Moody's присвоило России инвестиционный рейтинг
08.10.03 00:00
/REUTERS, Москва, 08.10.03/ - Международное рейтинговое агентство
Moody's повысило суверенный рейтинг России до "Baa3", что соответствует
инвестиционному рейтингу, со спекулятивного "Ba2", говорится в сообщении
Moody's.
Рейтинг еврооблигаций РФ повышается до "Baa3" c "Ba2", рейтинг ОВГВЗ 6
и 7 траншей - до "Ba1" c "Ba3", 5 транша - до "Ba2".
Прогноз изменения всех рейтингов - стабильный.
Изменение рейтинга отражает приверженность РФ жесткой бюджетной и
долговой политике, серьезное улучшение ситуации с долгом, создание
стабилизационного фонда и уменьшение политических рисков, говорится в
сообщении.
Ниже приводится оригинальный текст сообщения от агентства Moody's
Investors Service:
MOODY'S REPORTS: RUSSIA'S COUNTRY CEILING RAISED TO Baa3 FROM
Ba2; DEPOSIT CEILING AND DOMESTIC RATINGS ALSO UPGRADED
London, 08 October 2003 - Moody's Investors Service raised Russia's country
ceiling for foreign currency bonds and notes and the ratings for all
outstanding Eurobonds of the Russian Federation to Baa3 from Ba2.
Simultaneously, the agency raised the rating for rouble-denominated bonds to
Baa3 and moved the ceiling for foreign currency bank deposits to Ba1 from Ba3.
The ratings for so-called "Russian era" tranches of the Ministry of Finance
(tranches VI and VII) were raised to Ba1 from Ba3. The so-called "Soviet era"
tranche of the Ministry of Finance (tranche V) was lifted to Ba2. The outlook
on all ratings is stable.
Moody's says that the upgrades reflect the strengthening of the government's
commitment to prudent fiscal and debt management policies, significant
improvements in debt and liquidity ratios, the formation of a "stabilization
fund" to deal with any downturn in commodity prices and government revenues,
and a diminution of sovereign political risk. The rating agency points out that
there has been a reduction in the centrifugal political pressures that have
been associated with fiscal federalism, due to a lessening of the political
power of the regional authorities. Moody's also believes that the political
infighting both inside and outside the center of power in Russia, the
Presidential Administration, does not threaten the broad direction of
pro-market economic reform and development.
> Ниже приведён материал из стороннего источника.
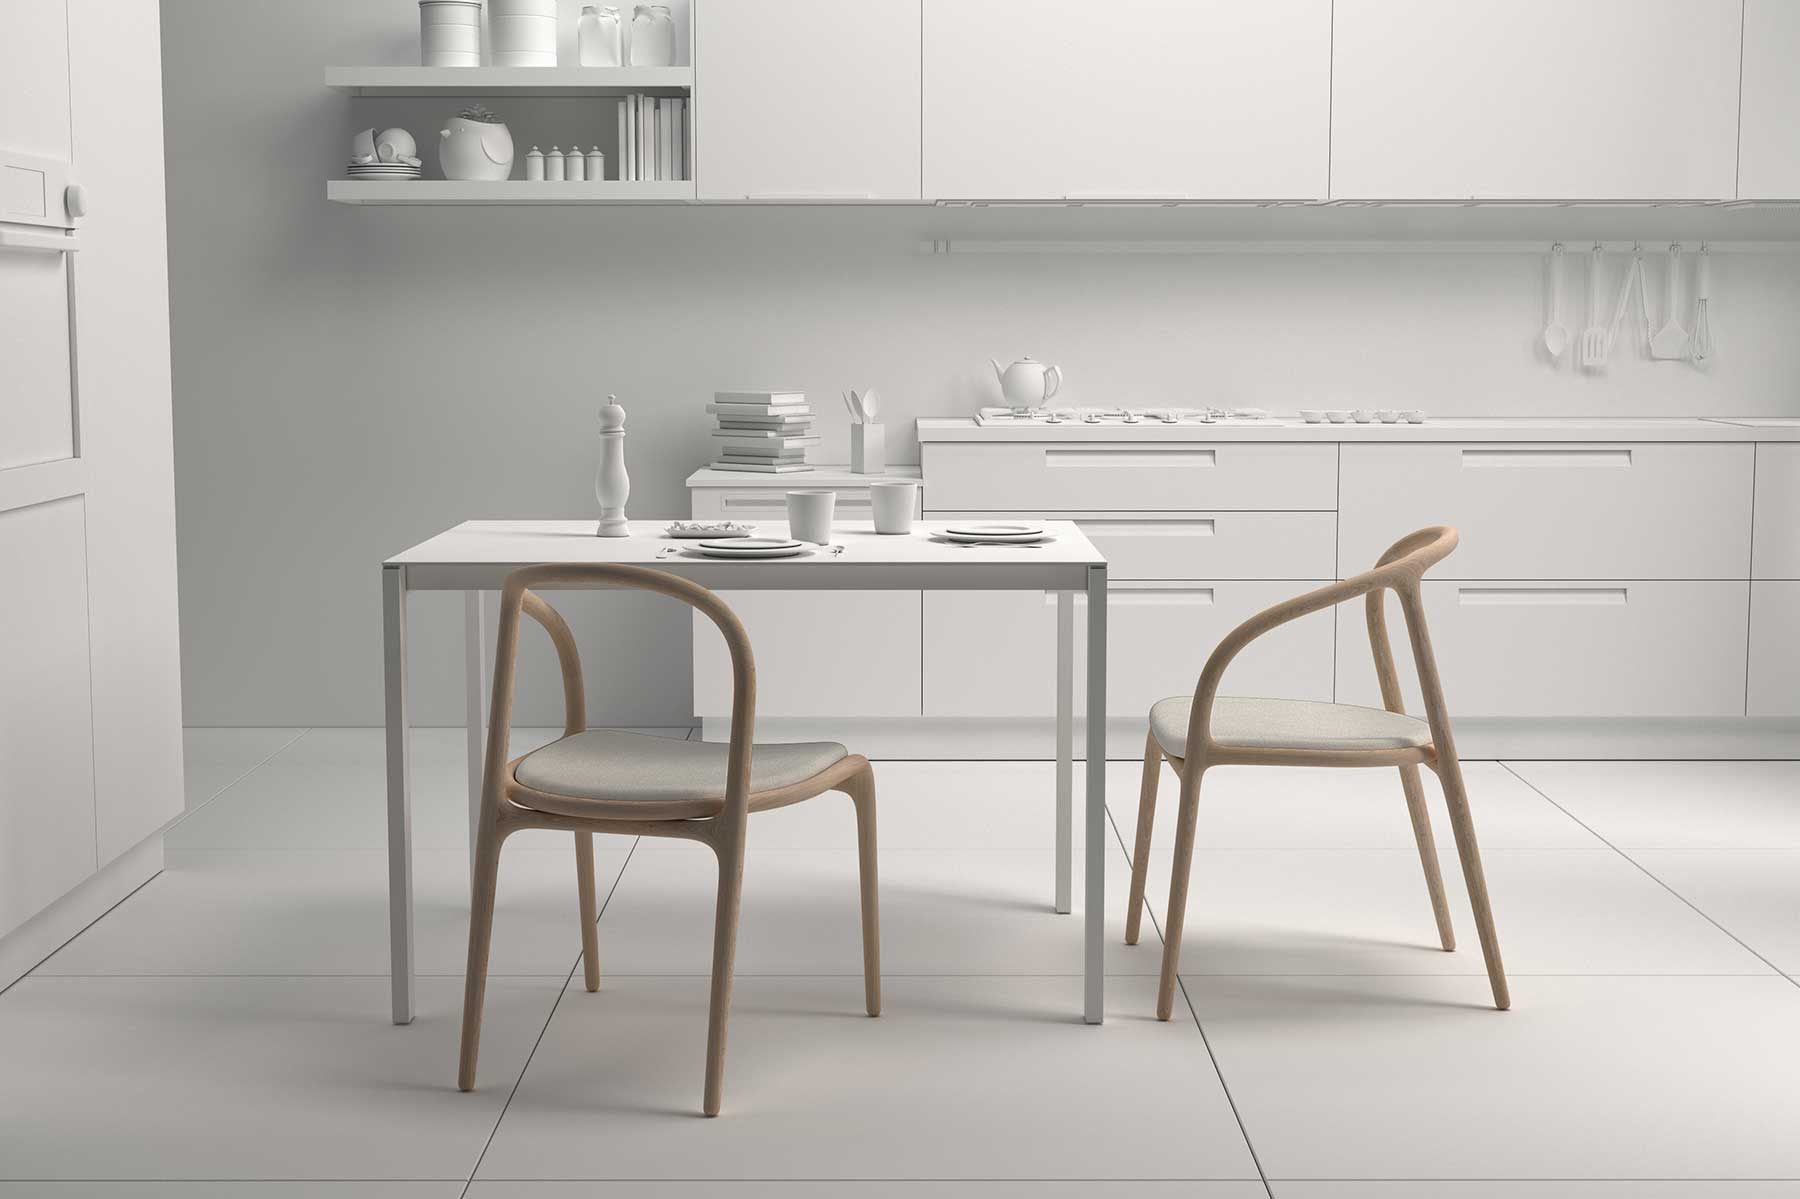 diseño silla comedor escena

Finally, Moody's argues that it is unlikely that any party configuration
resulting from December's Duma elections will have a significant impact on the
country's fundamental medium-to-long term economic performance and direction.
It is possible, however, that some configurations would slow the speed with
which structural reforms are pursued, the rating agency adds.
Moody's notes that Russia has taken advantage of the window of opportunity
provided by high oil prices and by the post-1998 devaluation to prepay foreign
currency debt and to build foreign currency reserves (which will approach $65
billion by year-end). The government has also set up a stabilization fund that,
by year-end 2003, should hold $7 billion.
A broad political consensus now exists on the need to maintain fiscal
discipline, the rating agency believes. Moody's also notes that Russia will
need to spend only between 3% and 6% of federal government revenues during 2004
- 2006 on debt service payments for its Eurobonds and Ministry of Finance
tranches. By one indicator (external debt/GDP), Russia's debt has been more
than halved since 1999, while general government debt/GDP has dropped from
nearly 100% to 33% during the same period.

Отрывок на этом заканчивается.